In a letter to Nadella released Tuesday, Ballmer cited a number of reasons for leaving the board, including his recent US$2 billion purchase of the Los Angeles Clippers basketball team. "I have become very busy" since leaving Microsoft, Ballmer said.
He has indeed thrown himself wholeheartedly into running the Clippers, which were marred by a public scandal after former team owner Donald Sterling was banned from the league for making racist remarks. On Monday, Ballmer held a rally with fans of the team, during which he displayed his trademark vocal bombast and kinetic enthusiasm.
In his letter to Nadella, Ballmer also expressed confidence in Microsoft's "approach of mobile-first, cloud-first, and in our primary innovation emphasis on platforms and productivity." He also said he plans to maintain his financial position in Microsoft, saying he is the single largest shareholder apart from index funds.
His decision to leave the board came "sooner than expected, but was not unexpected," said Forrester Research analyst David Johnson. "Microsoft under Nadella is a very different company than it was under Ballmer. I don't know how much more Ballmer could really help."
Under Ballmer, Microsoft sought to harvest the "successes of the past" through sales and marketing, while Nadella is much more focused on new innovations, evidenced by efforts such as the new Azure Machine Learning service, Johnson said. "In a way, that's a return to Microsoft's philosophical roots."

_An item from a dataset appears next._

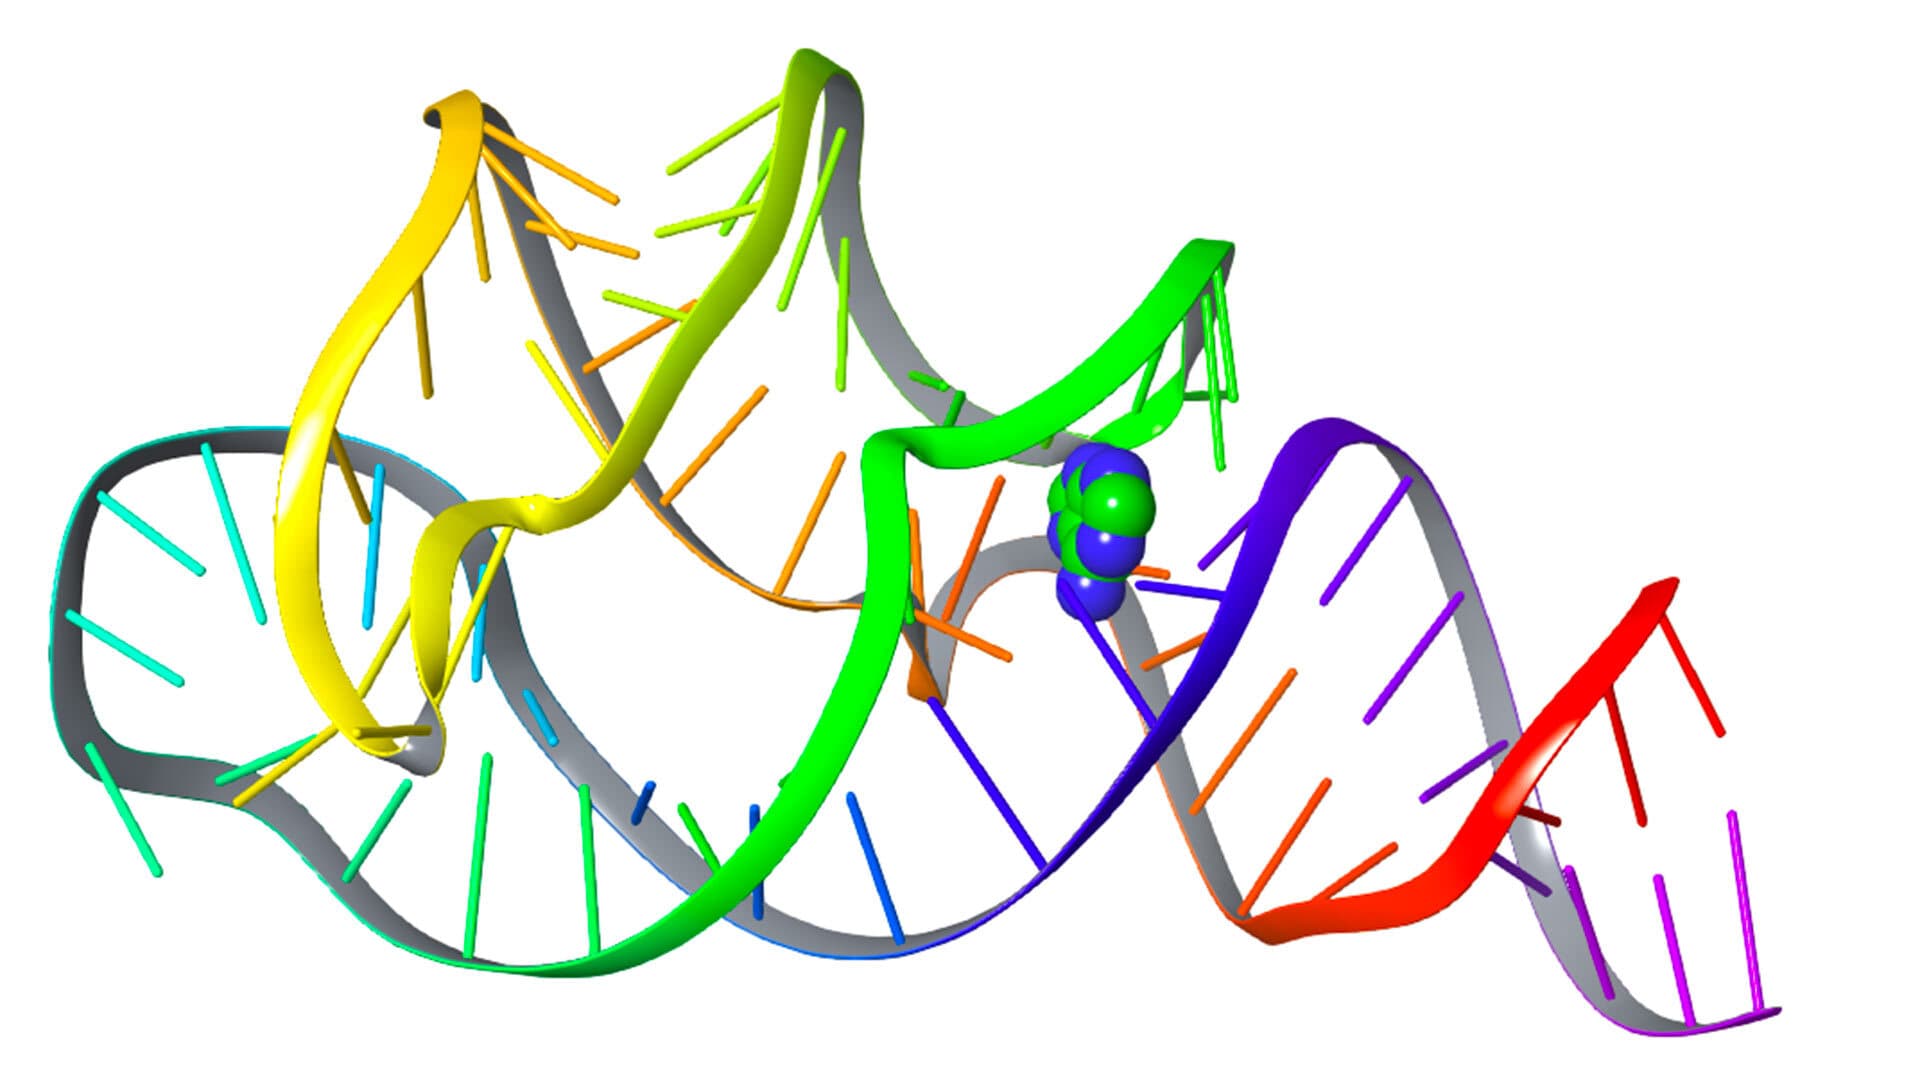 A protein molecule illustration

Ballmer may have also been smarting from decisions Nadella has made, such as the 14 percent staff reduction last month that focused largely on workers who came aboard through Microsoft's $7.2 billion acquisition of Nokia's mobile phone business. That deal was driven vigorously by Ballmer, who reportedly struggled to gain buy-in on it from Microsoft's board.
Still, it's unlikely that Ballmer "was putting up that much resistance at this point," Johnson said. "I think he was trying to be helpful and give Nadella information. I doubt that Ballmer was the type of person to be an obstructionist."
Microsoft board meetings may not have been especially fun for Ballmer anyway, according to Rob Enderle, principal analyst at Enderle Group. "Once you step down as CEO like Steve did, being on the board and being reminded that you had to step down is like coming to a party after you've been asked to leave it."
Some large institutional investors may be glad to see Ballmer leave the party for good, according to Wes Miller, research analyst with Directions on Microsoft. These players "would like to move beyond the era of Steve Ballmer," he said. "They'll view this as a checkpoint for the new Microsoft."
Some level of orchestration undoubtedly went on behind the scenes given that Tuesday's announcement came just one day after Ballmer's raucous Clippers rally, which seemingly marked a new chapter in his career as head of the sports organization.
But while Ballmer may have left Microsoft's board, he's not going away completely and he made sure the company knows it, Miller said. The fact that Ballmer highlighted his major financial position in Microsoft is important for a couple of reasons. For one thing, "it shows he still believes in the company and wants it to grow," he said. But Ballmer was also sending the message that he still can influence the company, and wants to make sure it goes in the right direction, according to Miller.